C’était en 1969. À cette époque, la France des Trente Glorieuses dansait encore sur les ondes de Salut les copains, mais un nouveau souffle rock, plus sombre et magnétique, s’apprêtait à déferler sur nos radios. Le riff de guitare de Venus a soudainement envahi tous les juke-boxes de l’Hexagone, de Paris à Marseille. Avec son regard de braise souligné par un khôl épais et sa chevelure noire de jais, Mariska Veres, la chanteuse du groupe Shocking Blue, est devenue instantanément une icône, un sex-symbol absolu pour une jeunesse française en pleine mutation. Pourtant, derrière cette image de femme fatale qui enflammait les pistes de danse des boîtes de nuit les plus branchées, se cachait une réalité que personne ne soupçonnait.

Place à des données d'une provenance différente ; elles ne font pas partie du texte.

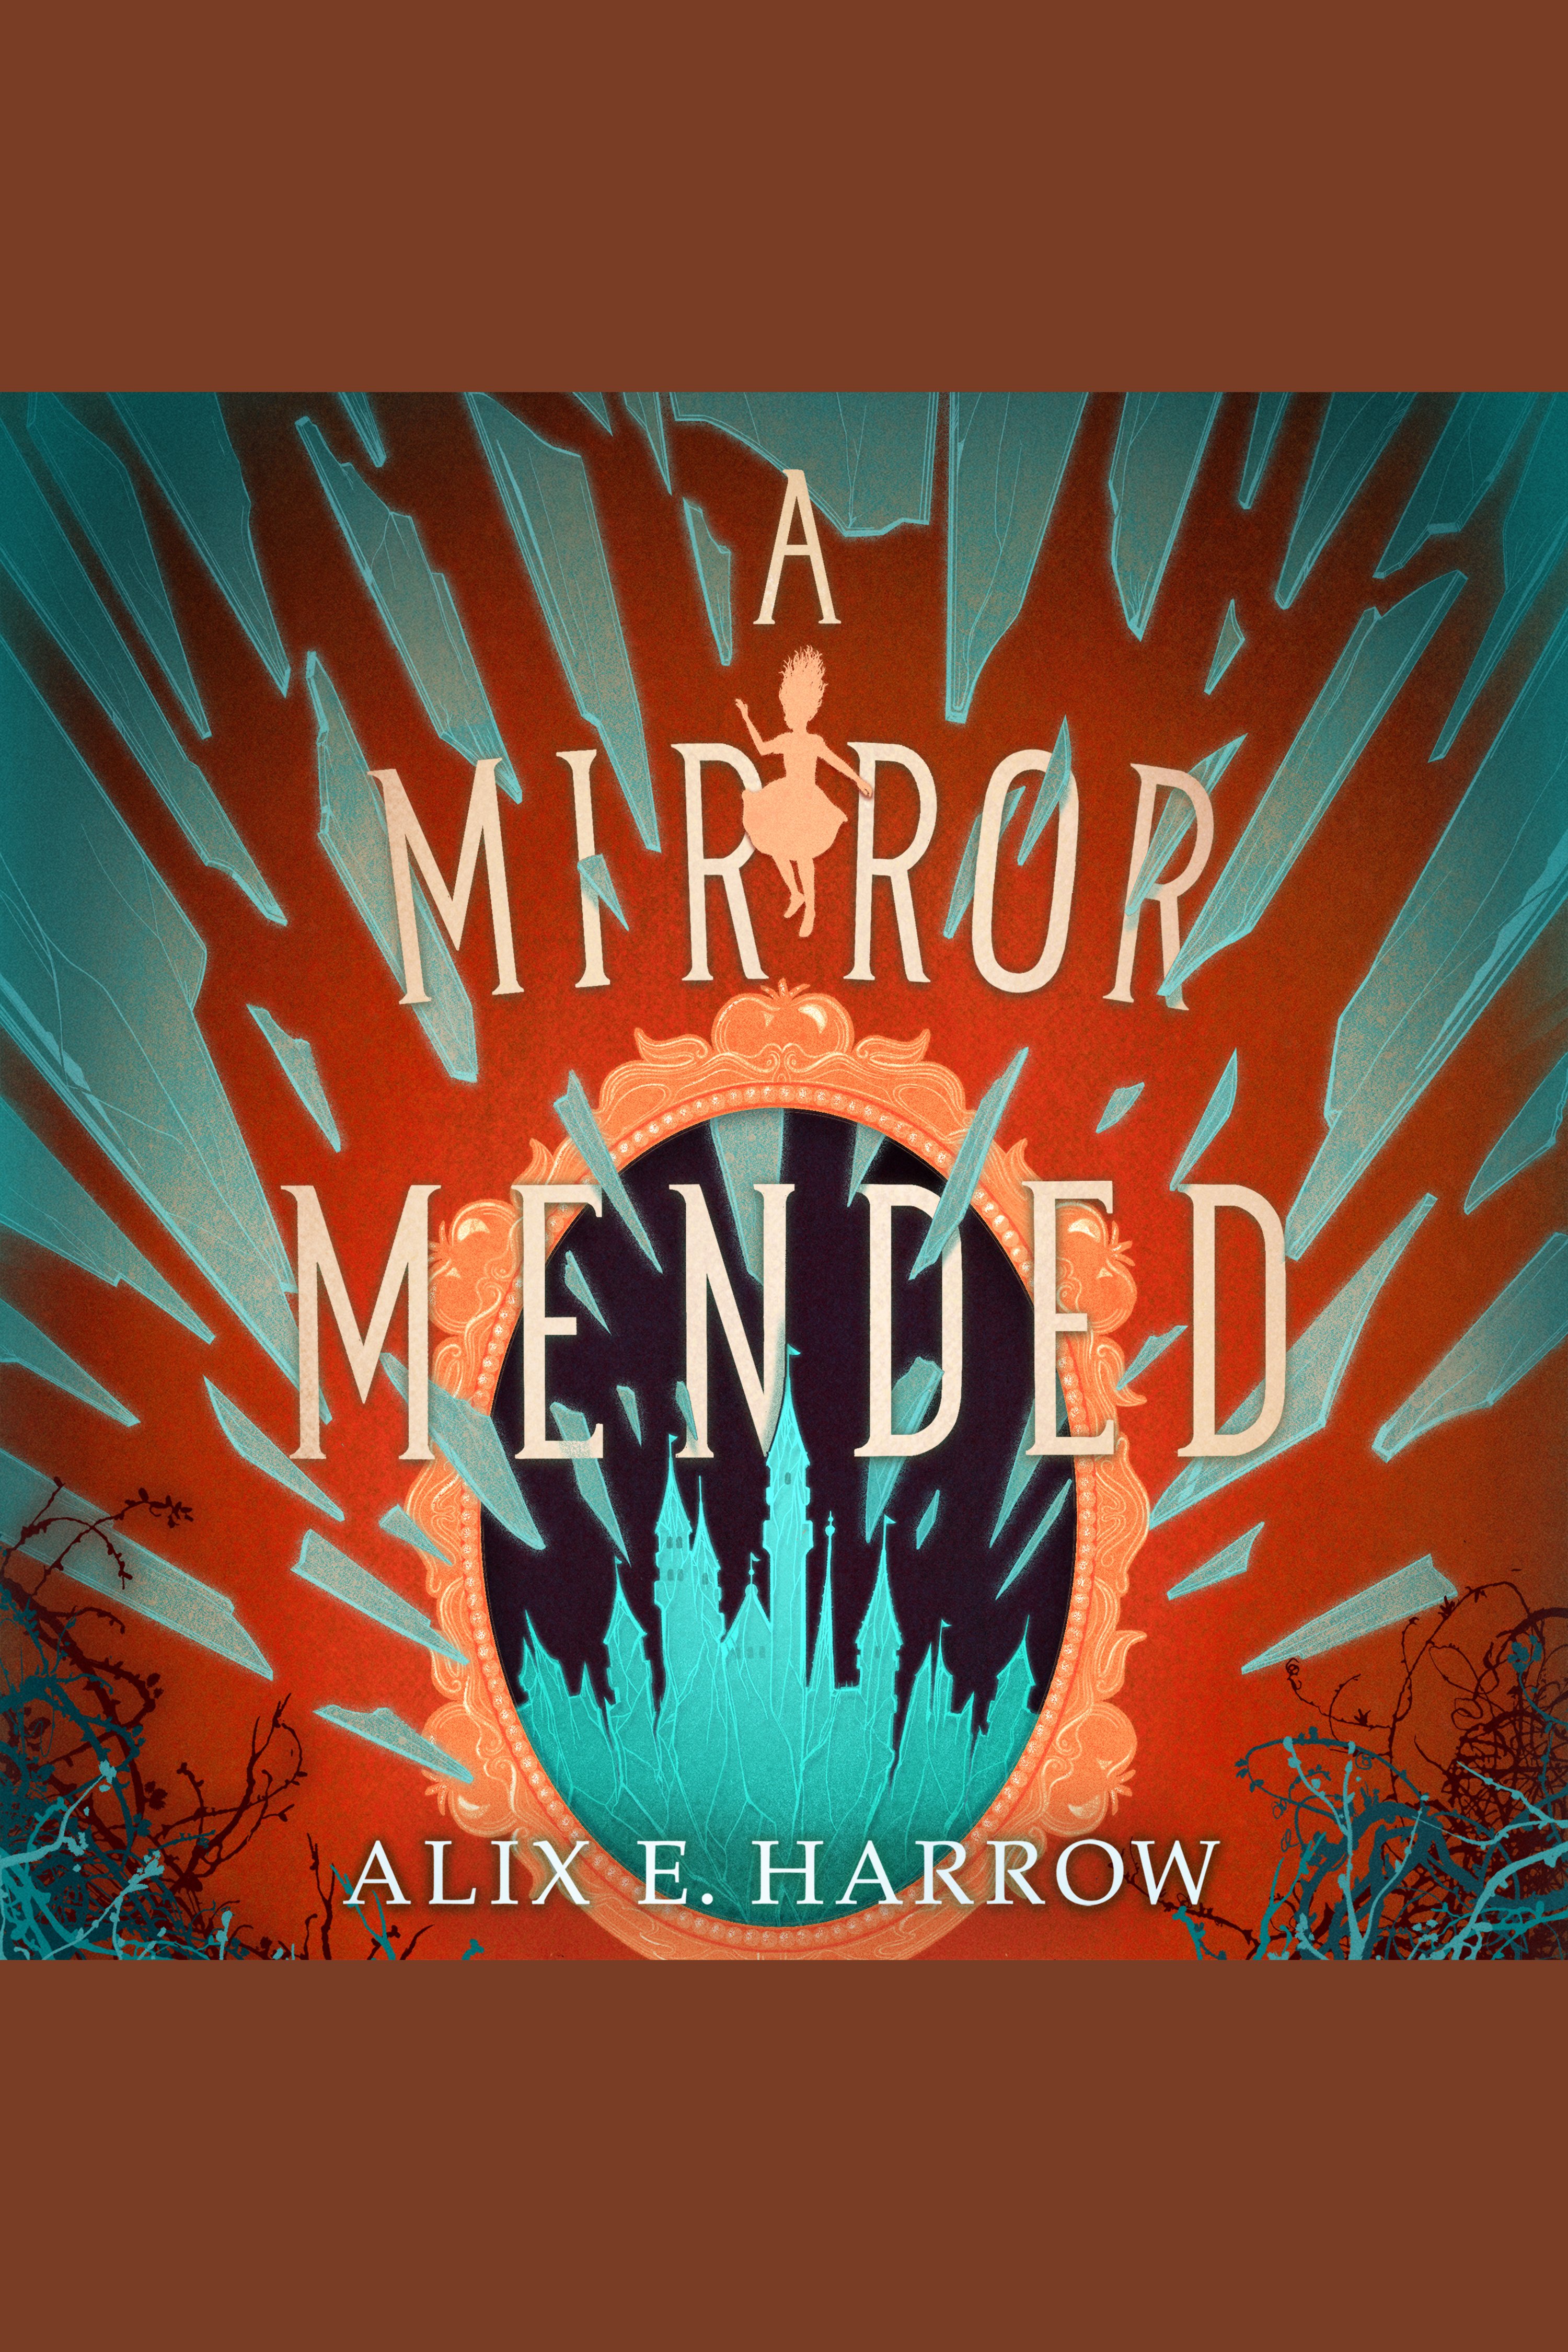 A mirror mended

Dans les coulisses de cette ascension fulgurante, la vie de Mariska Veres était aux antipodes des excès habituels des rock stars de la fin des années 60. Alors que le show-business français voyait ses propres idoles se perdre parfois dans les dérives de la gloire, Mariska restait une figure d’une sobriété déconcertante. Elle ne fumait pas, ne buvait pas une goutte d’alcool et fuyait les mondanités qui faisaient pourtant partie intégrante du quotidien des stars de l’époque. Pour elle, le succès n’était qu’un travail, une prestation scénique intense derrière laquelle se terrait une personnalité introvertie, presque effacée, loin de l’aura de vamp qu’elle projetait sous les projecteurs des plateaux télévisés.
Ce contraste saisissant entre la femme et l’icône explique sans doute pourquoi le souvenir de Mariska Veres demeure si intact dans nos mémoires collectives. Elle ne jouait pas le rôle de la rockeuse maudite ; elle habitait simplement ses chansons avec une puissance vocale rare. Lors de ses passages remarqués à la télévision française, elle captivait les foyers, transformant les salons familiaux en scènes de concert improvisées. Les disques 45 tours de Shocking Blue tournaient inlassablement, portés par cette voix grave qui semblait porter en elle tout le mystère d’une époque charnière, juste avant que le disco ne vienne uniformiser les dancefloors.
Ce qui rend son histoire si fascinante aujourd’hui, c’est cette capacité qu’elle avait à rester pure dans un milieu où la pression du paraître était constante. Mariska Veres ne cherchait jamais la provocation gratuite, elle imposait sa présence par son talent brut. À une période où les scandales de presse et les dramas rythmaient la vie des vedettes françaises, son refus de se plier aux codes de la jet-set restait une anomalie silencieuse mais puissante. Elle était la star dont on ne savait finalement rien, si ce n’est qu’elle possédait ce don rare de nous faire oublier nos soucis le temps d’une chanson.
Plus de cinquante ans après le raz-de-marée de Venus, son héritage reste gravé dans le paysage musical français. Chaque fois que les premières notes de ce tube légendaire retentissent, c’est tout un pan de notre jeunesse qui resurgit. On se revoit, adolescent, devant un poste de radio à galène, ou plus tard, dans un bal du 14 juillet, emporté par ce rythme irrésistible. Mariska Veres n’était pas qu’une chanteuse de passage ; elle était le visage d’une époque où la musique, malgré ses zones d’ombre, savait encore nous transporter avec une élégance troublante et sincère.